- _WHAT TO WORK ON_
Would you return the data below exactly as it stands, with every picture left out?

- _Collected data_

____

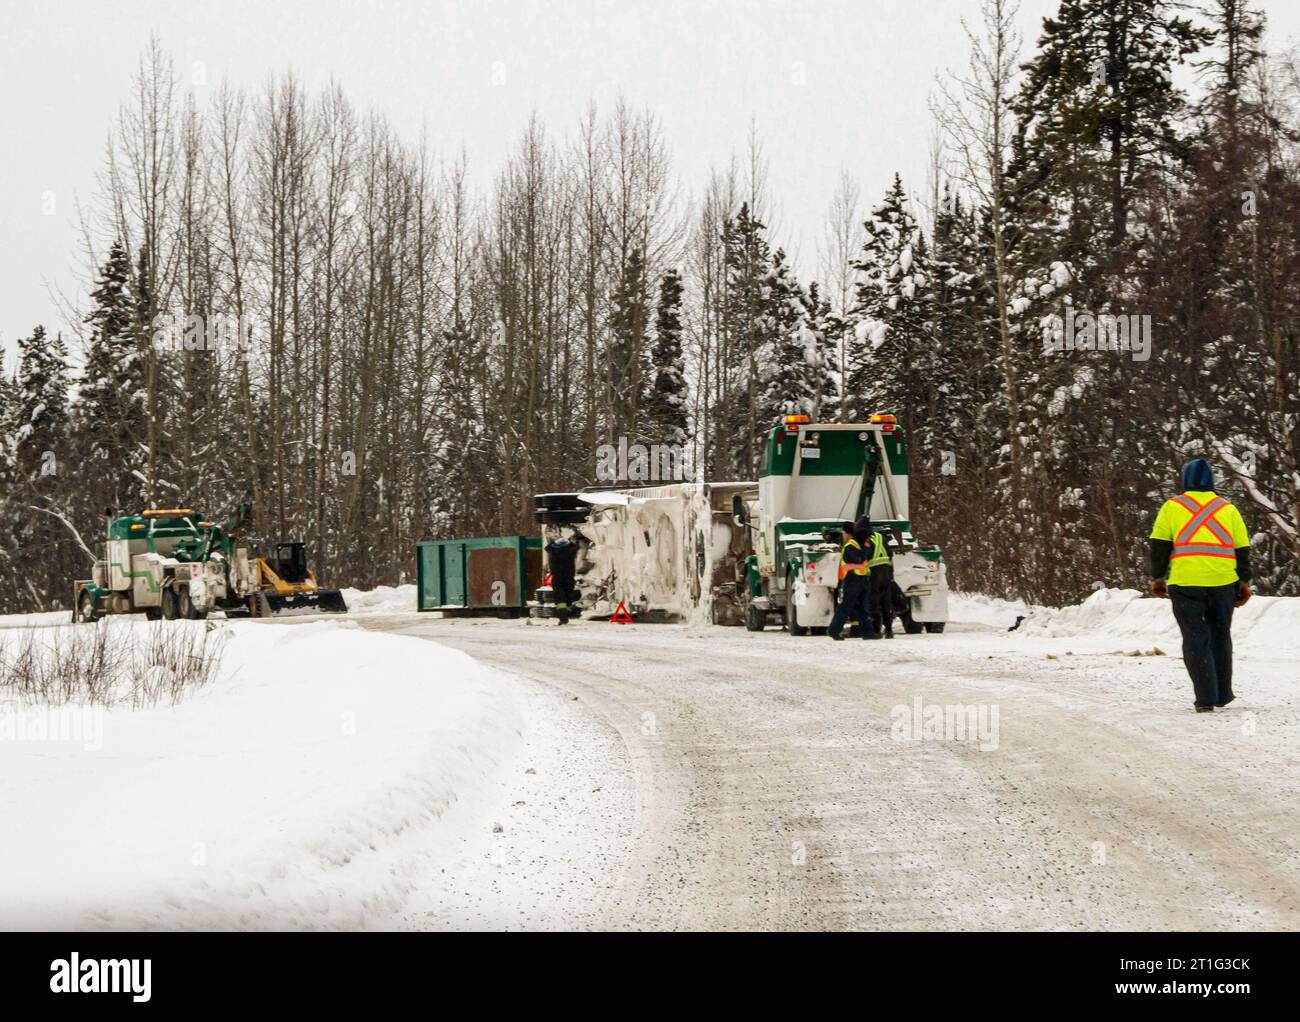 Accident de camion de transport sur la route no 37 dans le nord de la Colombie-Britannique, Canada, conditions routières hivernales, neige et glace. Route éloignée du Nord. Banque D'Images
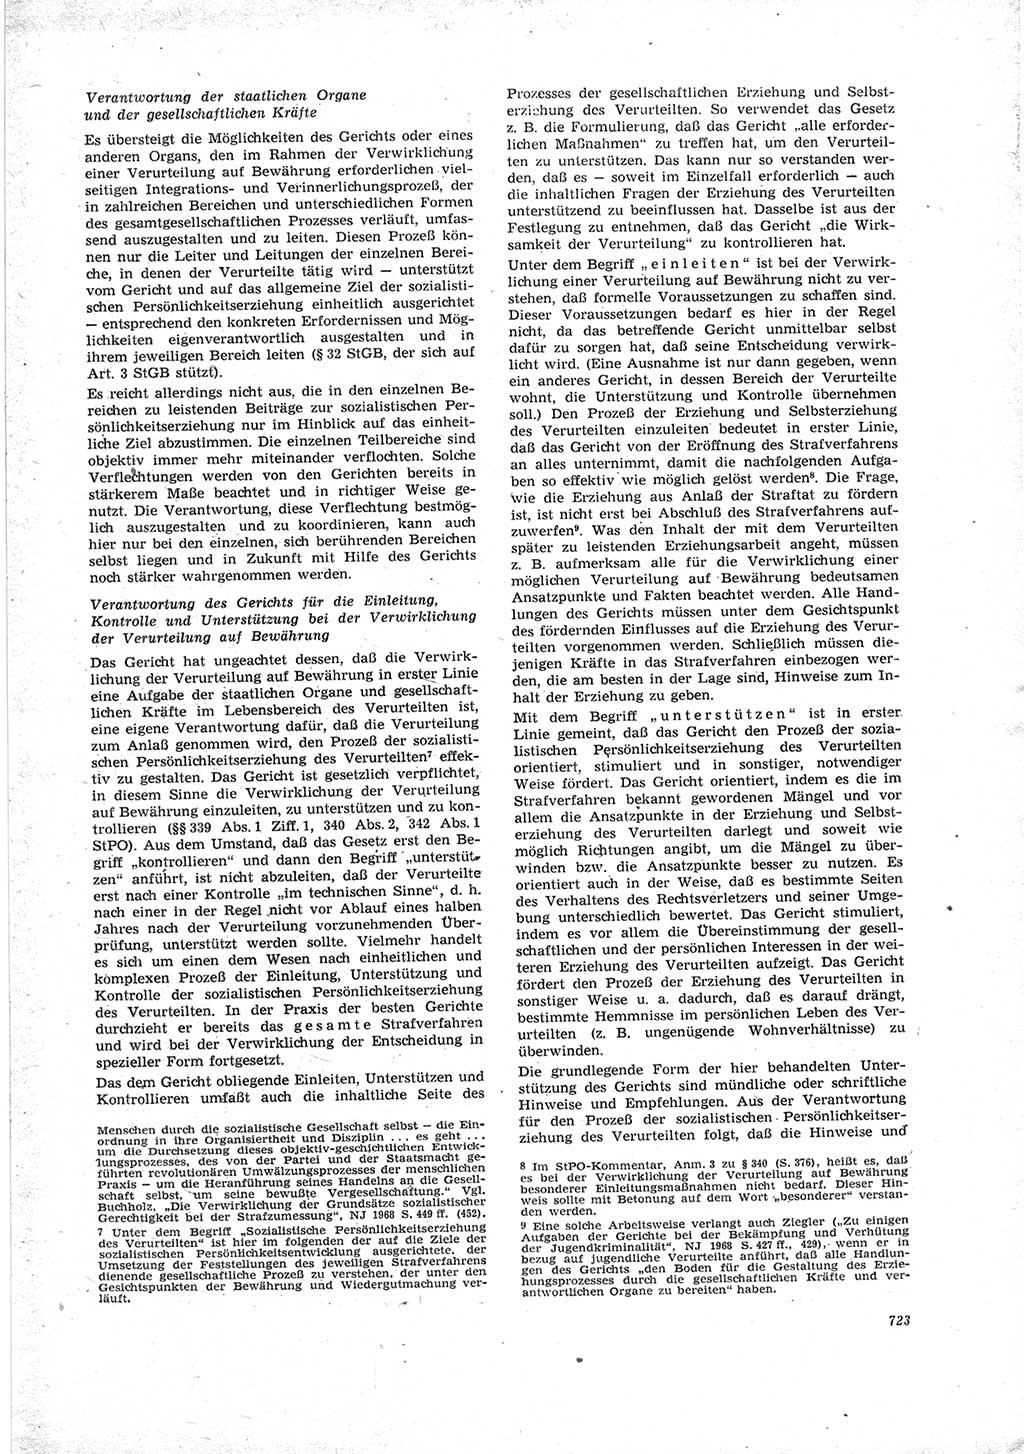 Neue Justiz (NJ), Zeitschrift für Recht und Rechtswissenschaft [Deutsche Demokratische Republik (DDR)], 23. Jahrgang 1969, Seite 723 (NJ DDR 1969, S. 723)
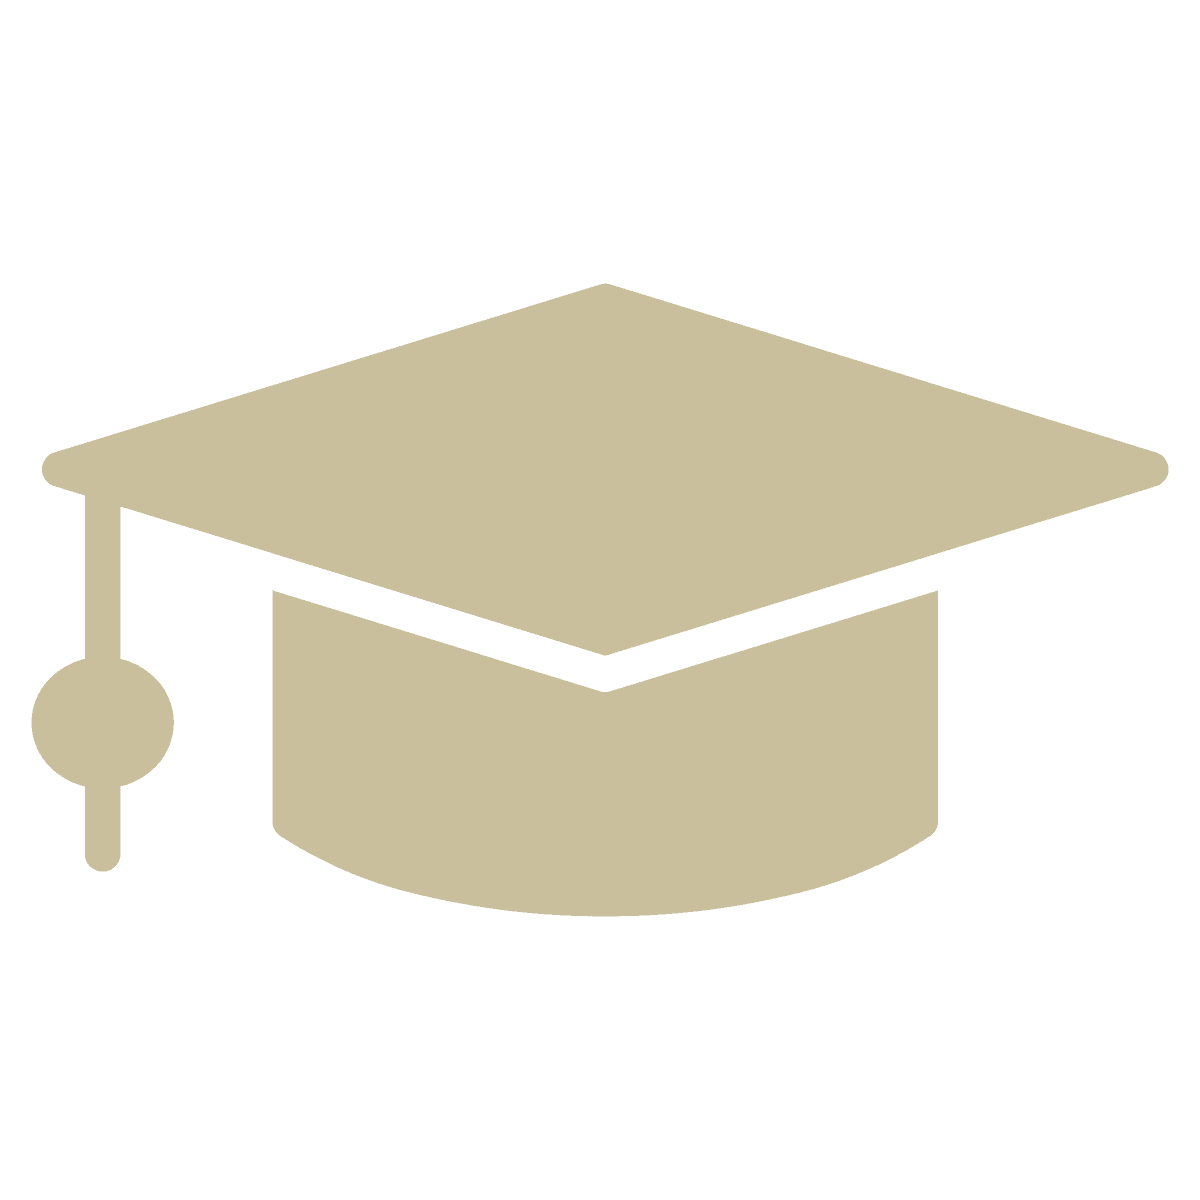 graduation cap, school
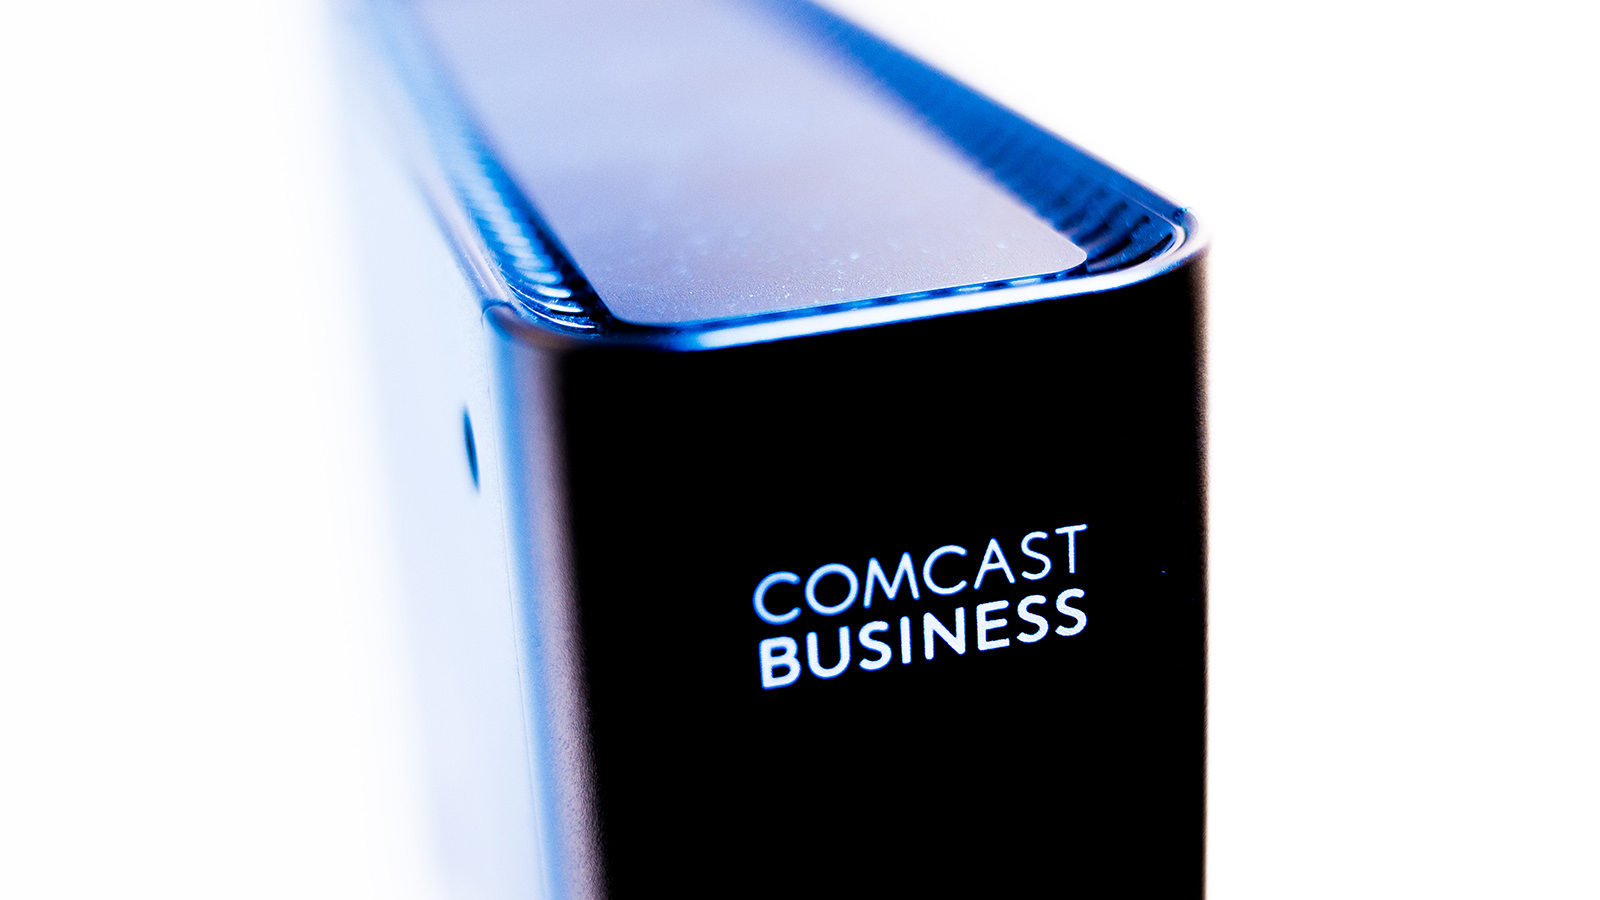 comcast business
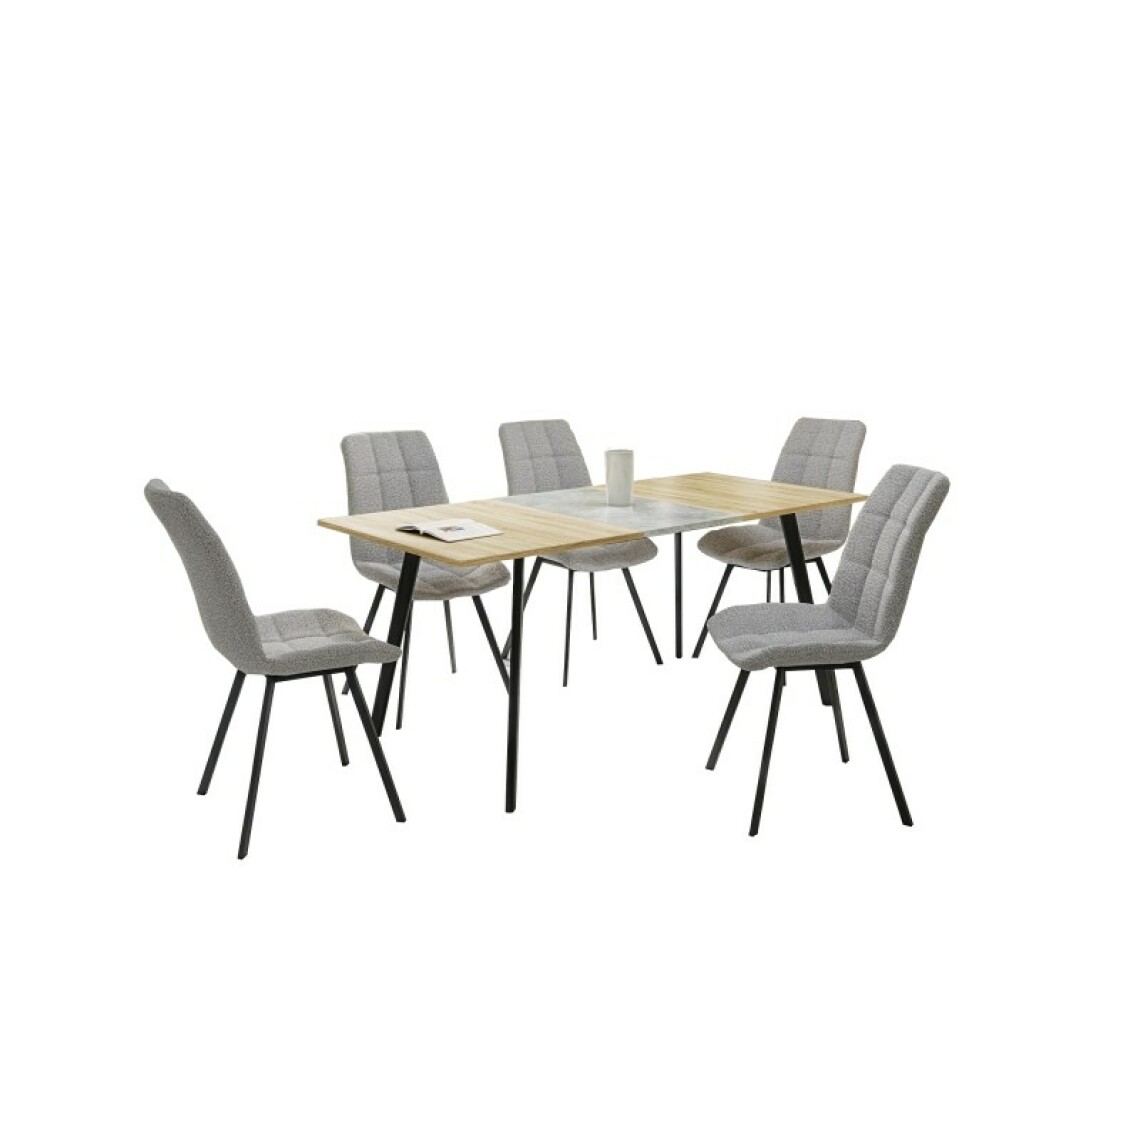 Carellia - Table à manger extensible rectangulaire 120-160 cm x 80 cm x 76 cm - Chêne sonoma/Gris - Tables à manger
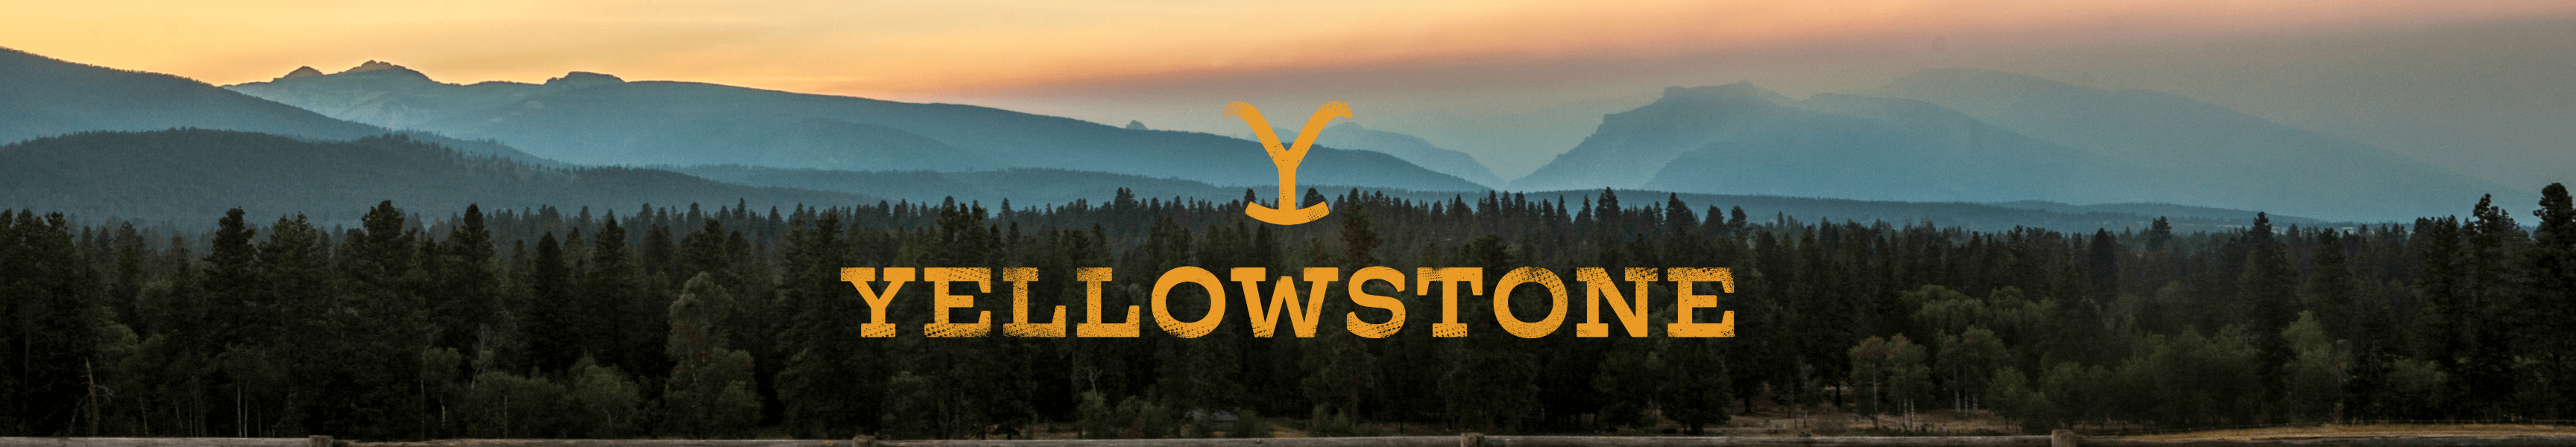 Nuestro regalo para usted: Descuento en Yellowstone Mercancía

____

- _WRITTEN ANSWER_
 Accident de camion de transport sur la route no 37 dans le nord de la Colombie-Britannique, Canada, conditions routières hivernales, neige et glace. Route éloignée du Nord. Banque D'Images
 Neue Justiz (NJ), Zeitschrift für Recht und Rechtswissenschaft [Deutsche Demokratische Republik (DDR)], 23. Jahrgang 1969, Seite 723 (NJ DDR 1969, S. 723)
 graduation cap, school
 comcast business
 Carellia - Table à manger extensible rectangulaire 120-160 cm x 80 cm x 76 cm - Chêne sonoma/Gris - Tables à manger
 Nuestro regalo para usted: Descuento en Yellowstone Mercancía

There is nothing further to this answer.